A dica para quem está pensando em entrar na atividade é plantar apenas mediante o fechamento de um contrato antecipado de compra, inclusive se o objetivo for a exportação. Não dá para se aventurar sem mercado consolidado, avaliou. No caso dos orgânicos, também é importante contar com uma assitência técnica preparada. A mídia muitas vezes supervaloriza pequenos nichos de mercado, induzindo produtores a aderirem de forma intempestiva. Não basta produzir, é preciso garantir a comercialização, disse.
Novidades Na estação experimental sobre novas variedades, durante o dia de campo, foram mostrados os pré-lançamentos BRS 213 e BRS 216, especiais para consumo humano. A primeira possui sabor mais suave que as cultivares tradicionais porque é isenta de lipoxigenases, enzimas responsáveis pelo gosto de feijão cru característico da soja. A BRS 216 possui o mesmo sabor que as variedades tradicionais, mas é ideal para produção de Natô, alimento bastante consumido por japoneses.

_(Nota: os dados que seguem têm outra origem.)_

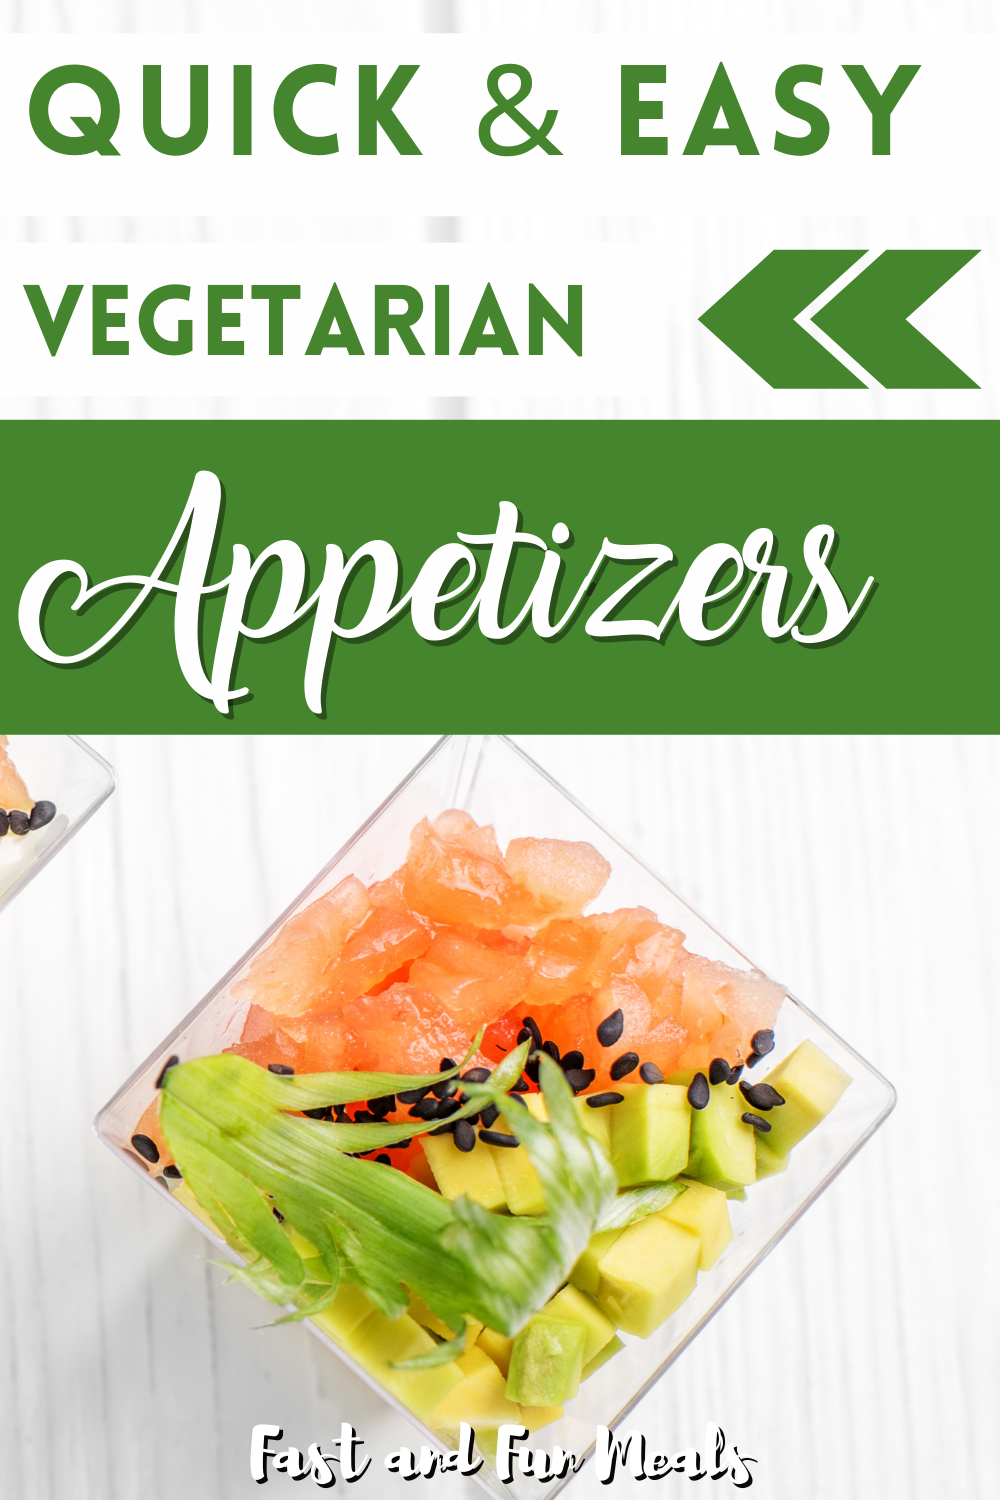 Pin showing the title Quick and Easy Vegetarian Appetizers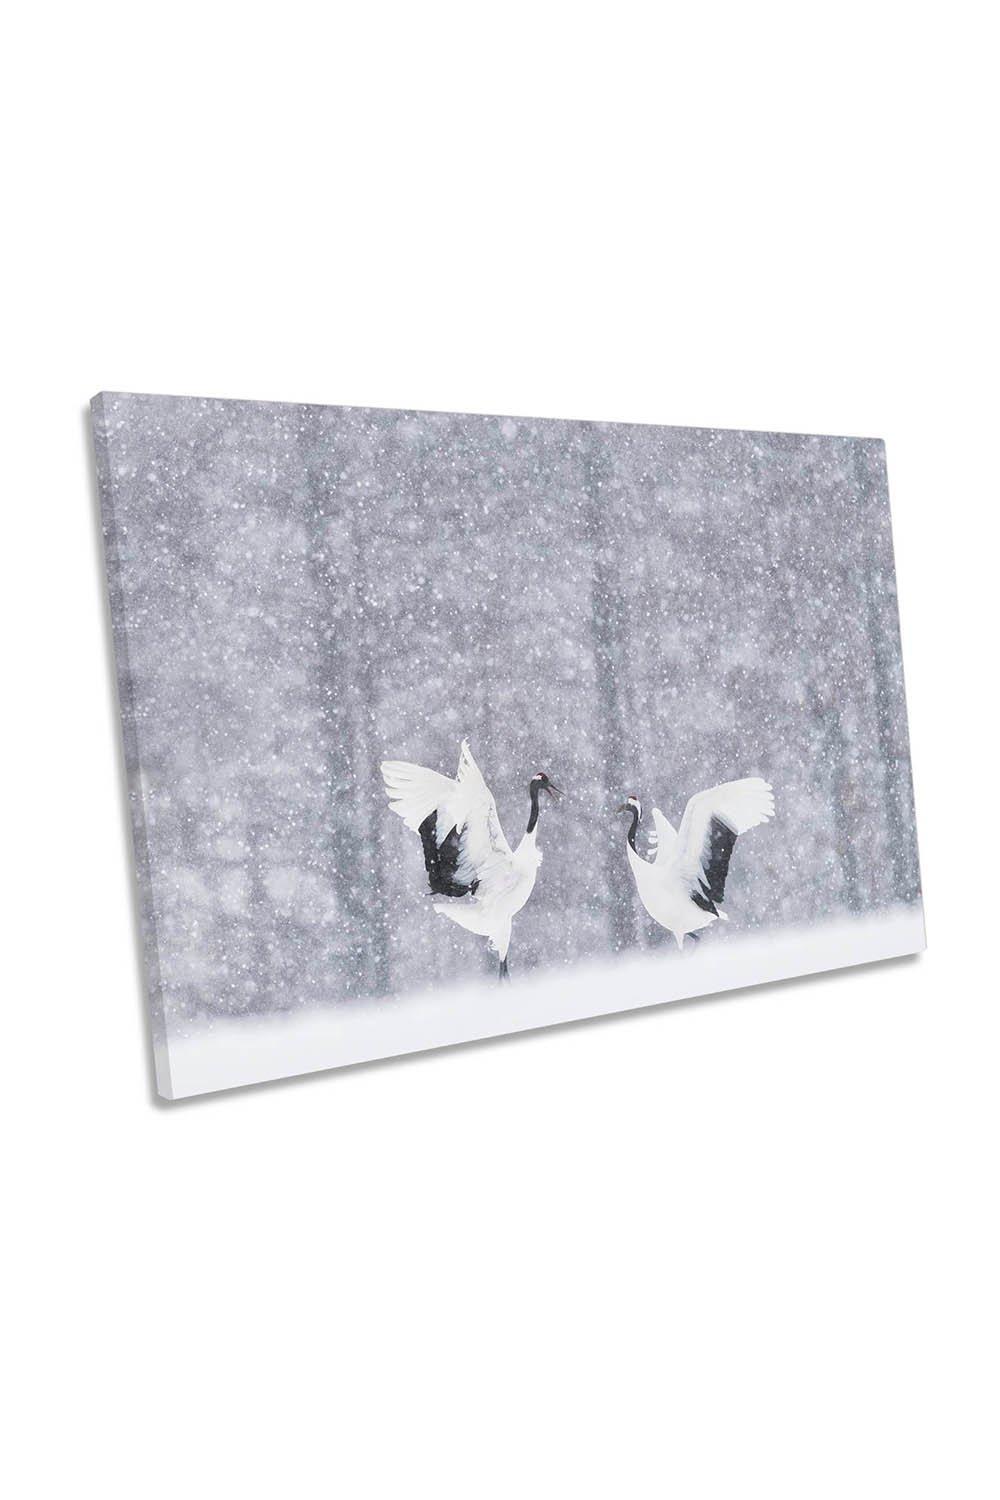 Japan White Cranes Dancing Canvas Wall Art Picture Print

Também foram lançadas a variedade precoce BRS 212, caracterizada por pouco acamamento e boa resistência a doenças; e BRS 214 e BRS 215, de ciclo mais longo e adequadas para regiões quentes. As três estarão disponíveis aos produtores em três anos.
Entre as variedades já existentes no mercado, foram apresentadas a BRS 183 (sem acamamento e com boa resistência a doenças) e a BRS 184, que permite plantio em meados de outubro, possibilitando o cultivo posterior de milho safrinha.
Agrotóxicos Pela primeira vez, o dia de campo da Embrapa reservou uma estação experimental para tratar da utilização correta dos agrotóxicos. De acordo com Fernando Adegas, pesquisador da Embrapa e da Emater, o objetivo foi esclarecer sobre os cuidados necessários à administração desses produtos, o que inclui desde a compra com base em diagnóstico de um agrônomo, até a adoção de medidas de segurança na aplicação e o correto descarte das embalagens para evitar a poluição do meio ambiente.
Adegas e o professor Adelino Pelissari, da UFPR, que também é coordenador científico do programa estadual Terra Limpa, esclareceram sobre a lei que instituiu o Programa Nacional de Recolhimento de Embalagens de Agrotóxicos, que começa a valer em 1º de junho. De acordo com a nova lei, cabe ao agricultor efetuar a tríplice lavagem e entregar as embalagens nos locais previamente indicados, além de guardar o seu comprovante de entrega por um ano. O revendedor é responsável por recolher as embalagens e a indústria, pela reciclagem ou incineração dos recipientes.